Canadians have a new way to assess their electricity bill in a new, interactive online report released by the Canada Energy Regulator (CER).

The report titled What is in a residential electricity bill? features a province-to-province comparison of electricity bills, generation and consumption. It also explains electricity prices across the country allowing people to understand why costs vary depending on location, fees, regulation and taxes.

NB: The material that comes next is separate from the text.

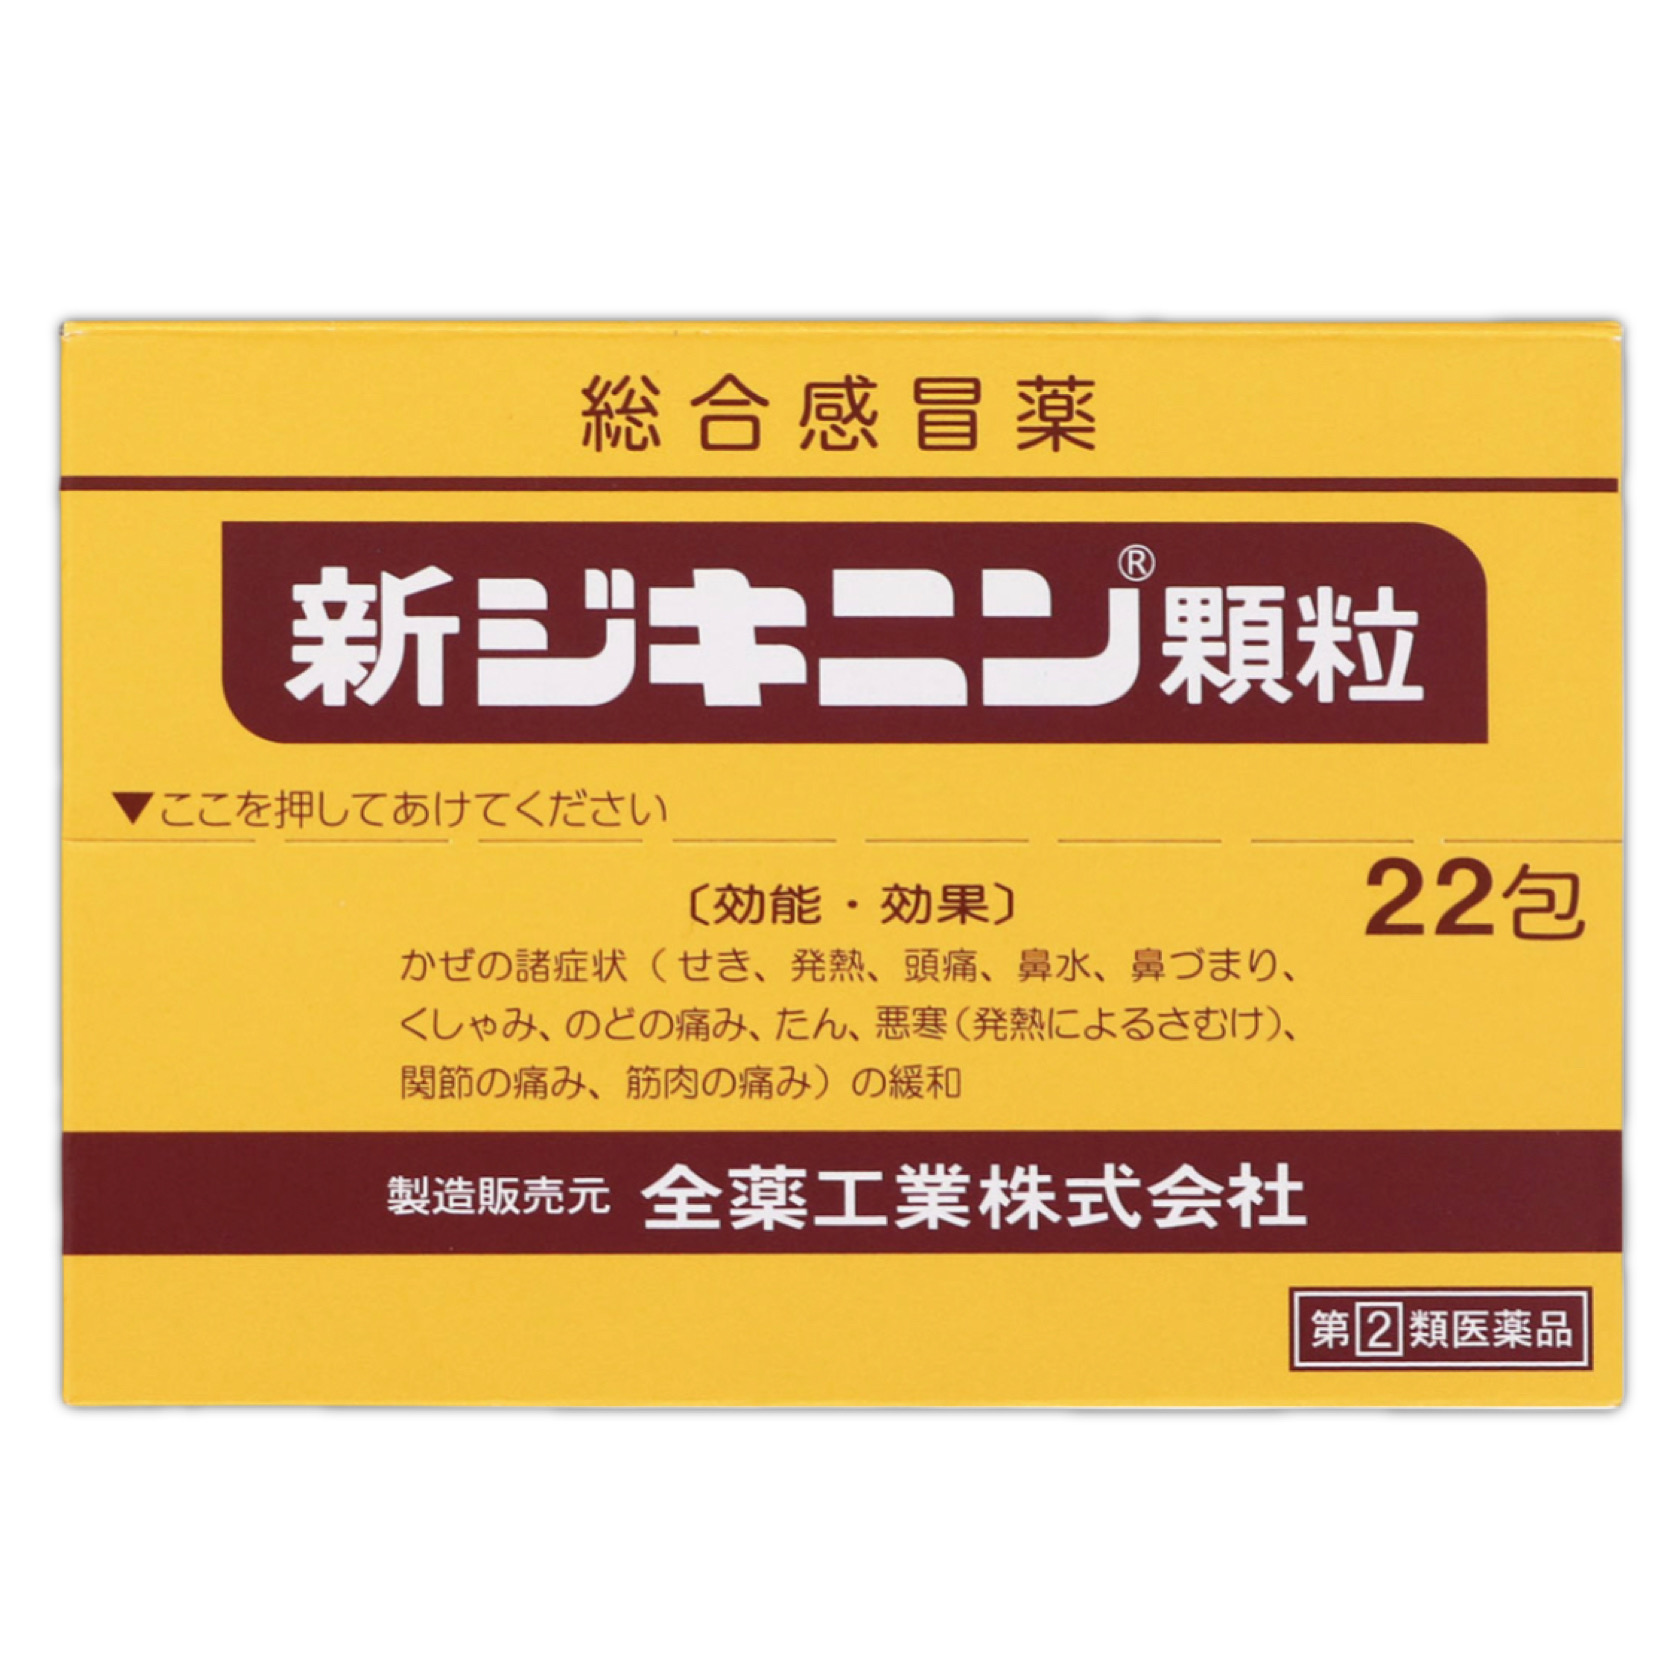 Zenyaku Kogyou Inc Jikinin 全藥工業 新Jikinin顆粒 綜合感冒藥 22包【指定第2類醫薬品】

Interactive tools allow people to calculate the cost of household appliances and electronic use for each province and territory. For example, an individual can use the tools to find out that leaving a TV on for 24-hours in Quebec costs $5.25 per month, while that same TV on for a whole day would cost $12.29 per month in Saskatchewan, $20.49 per month in the Northwest Territories, and $15.30 per month in Nova Scotia.

How Canadians use energy varies as much as how provinces and territories produce it. Millions of Canadians rely on electricity to power their household appliances, charge their electronics, and heat their homes. Provinces with abundant hydro-electric resources like Quebec, B.C., Manitoba, and Newfoundland and Labrador use electricity for home heating and tend to consume the most electricity.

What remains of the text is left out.